Department of Electrical and Computer Engineering, Aarhus University, Aarhus N, Denmark.
PLoS One. 2024 Aug 6;19(8):e0307202. doi: 10.1371/journal.pone.0307202. eCollection 2024.
Over the past few years, sleep research has shown impressive performance of deep neural networks in the area of automatic sleep-staging. Recent studies have demonstrated the necessity of combining multiple data sets to obtain sufficiently generalizing results. However, working with large amounts of sleep data can be challenging, both from a hardware perspective and because of the different preprocessing steps necessary for distinct data sources.
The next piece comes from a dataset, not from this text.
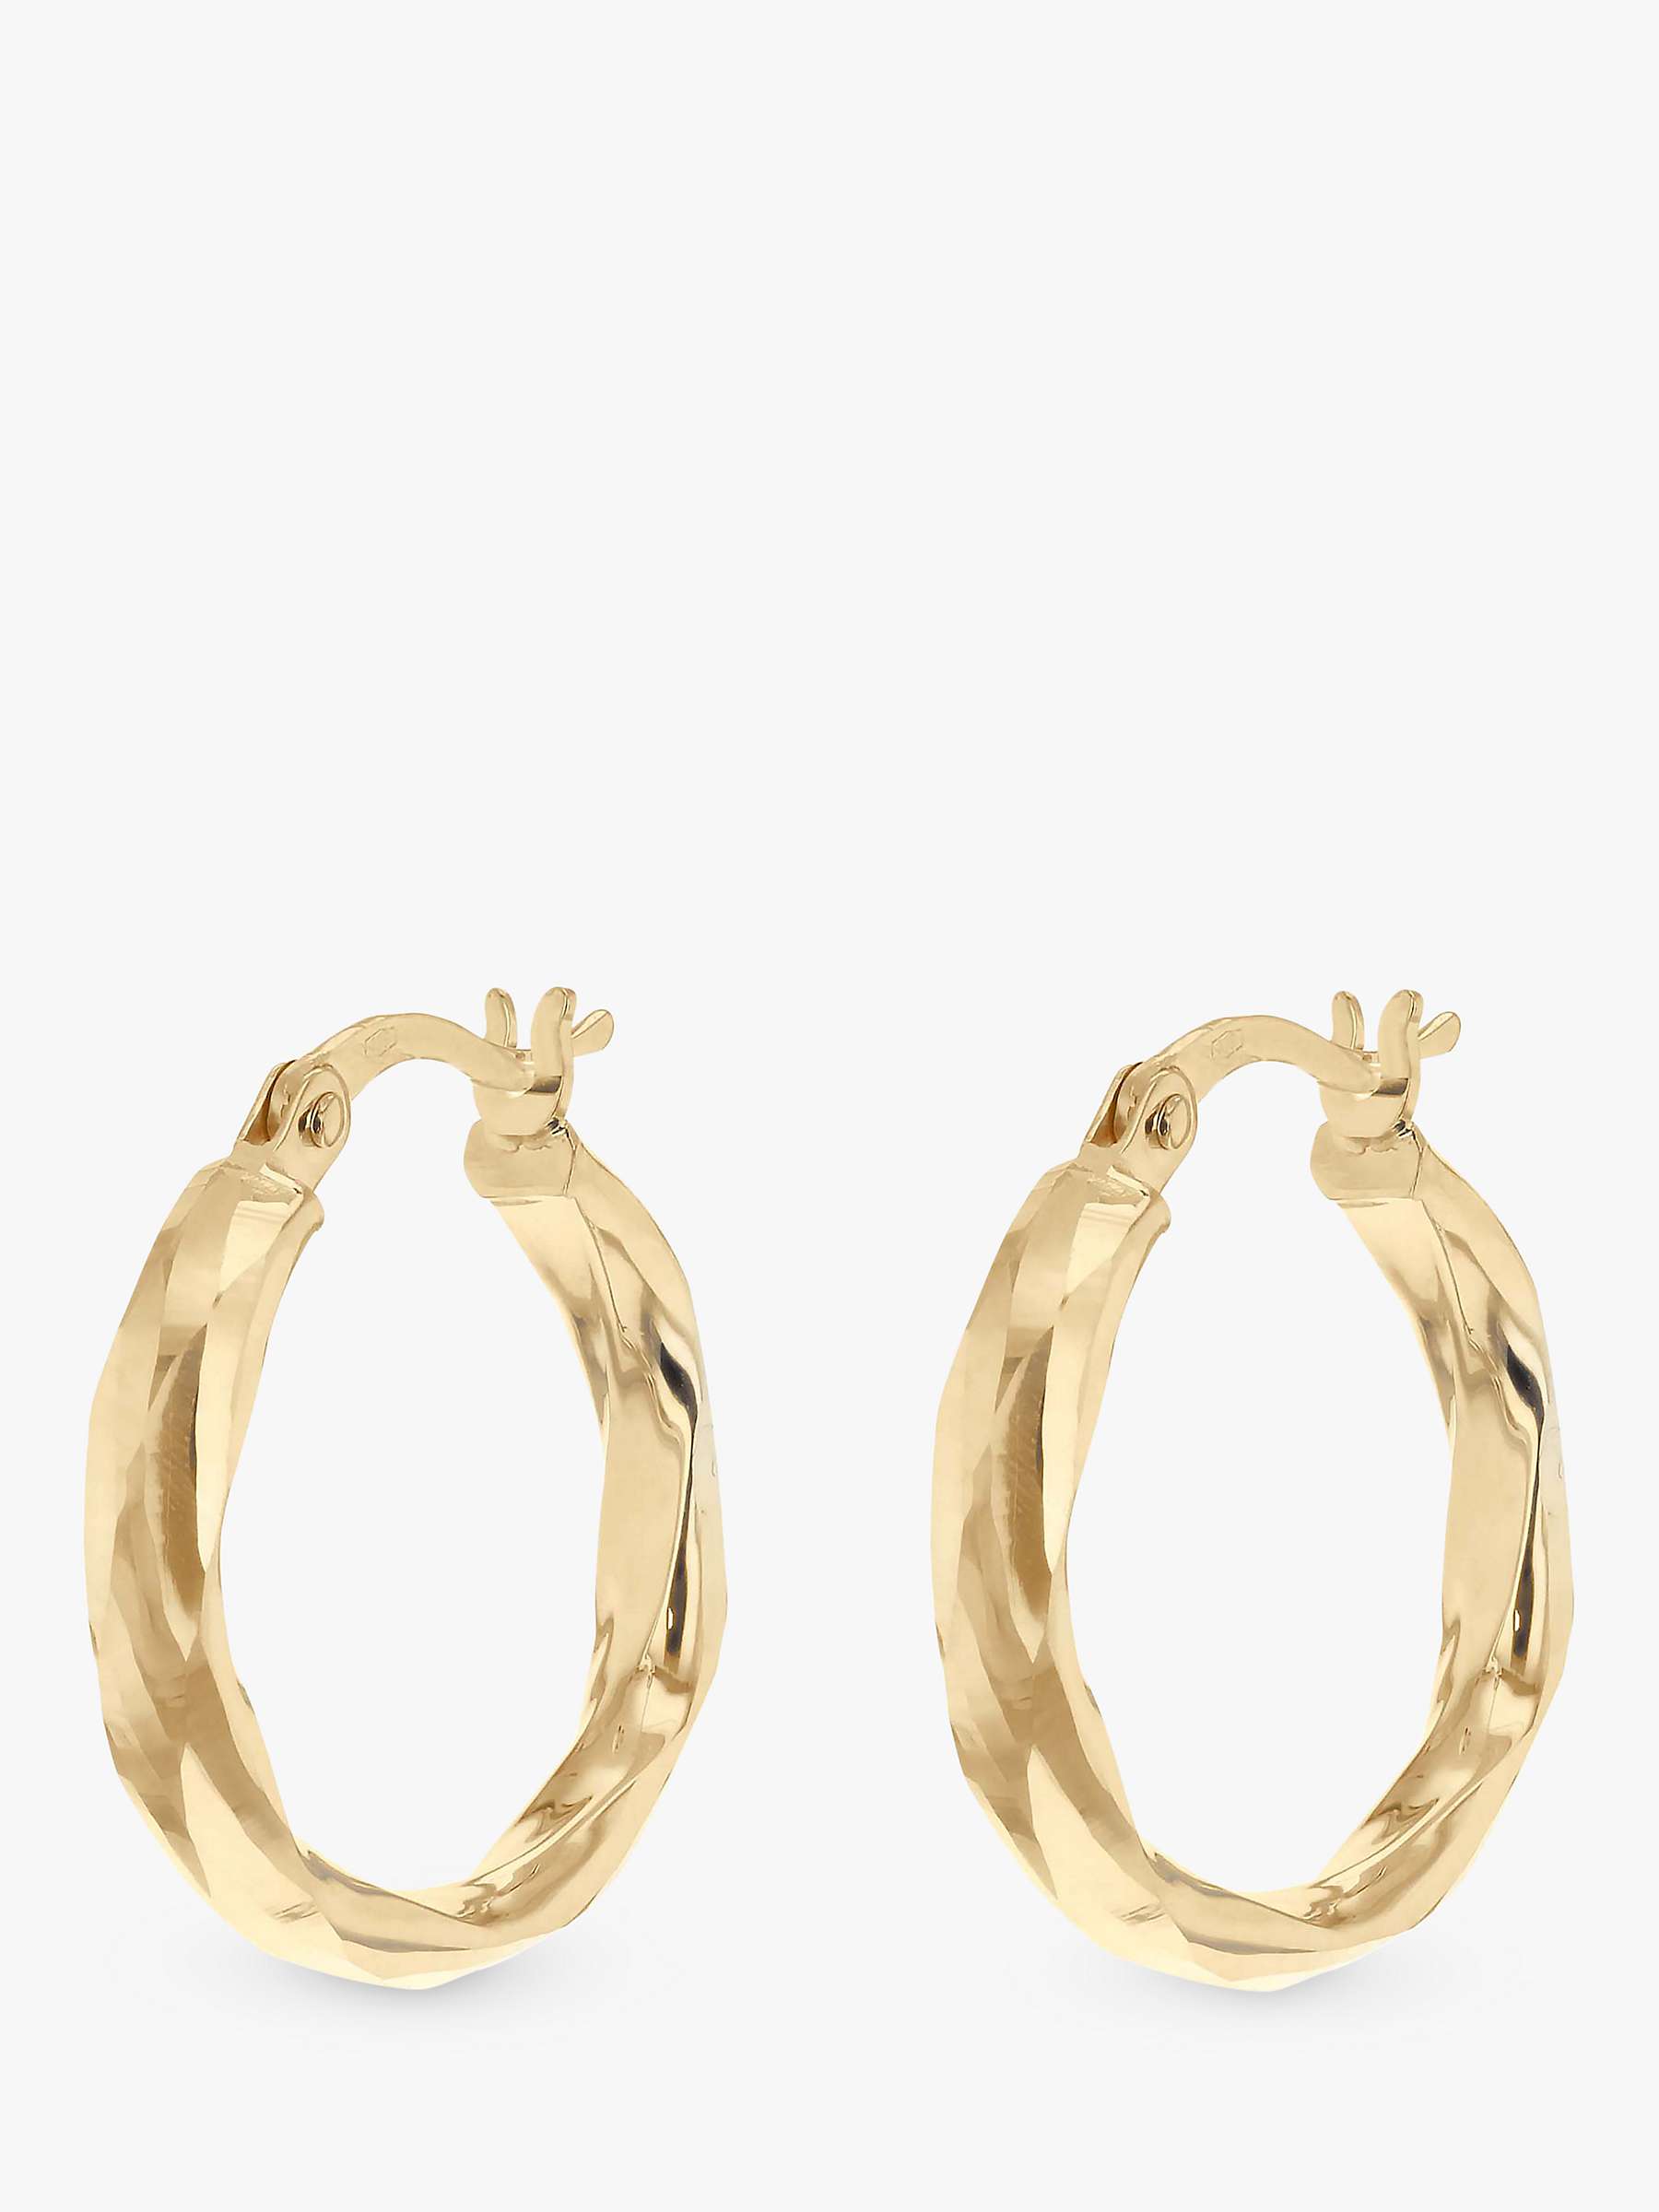 IBB 9ct Gold Faceted Creole Hoop Earrings, Gold at John Lewis & Partners

Here we review the possible obstacles and present an open-source pipeline for automatic data loading. Our solution includes both a standardized data store as well as a 'data serving' portion which can be used to train neural networks on the standardized data, allowing for different configuration options for different studies and machine learning designs. The pipeline, including implementation, is made public to ensure better and more reproducible sleep research.
在过去的几年中,睡眠研究表明深度神经网络在自动睡眠分期领域表现出色。最近的研究表明,需要结合多个数据集才能获得具有足够泛化能力的结果。然而,处理大量睡眠数据既具有挑战性,又从硬件角度来看,也因为不同数据源所需的不同预处理步骤。在这里,我们回顾了可能存在的障碍,并提出了一个用于自动数据加载的开源管道。我们的解决方案包括一个标准化的数据存储以及一个“数据服务”部分,可用于在标准化数据上训练神经网络,从而为不同的研究和机器学习设计提供不同的配置选项。该管道(包括实现)是公开的,以确保更好和更可重复的睡眠研究。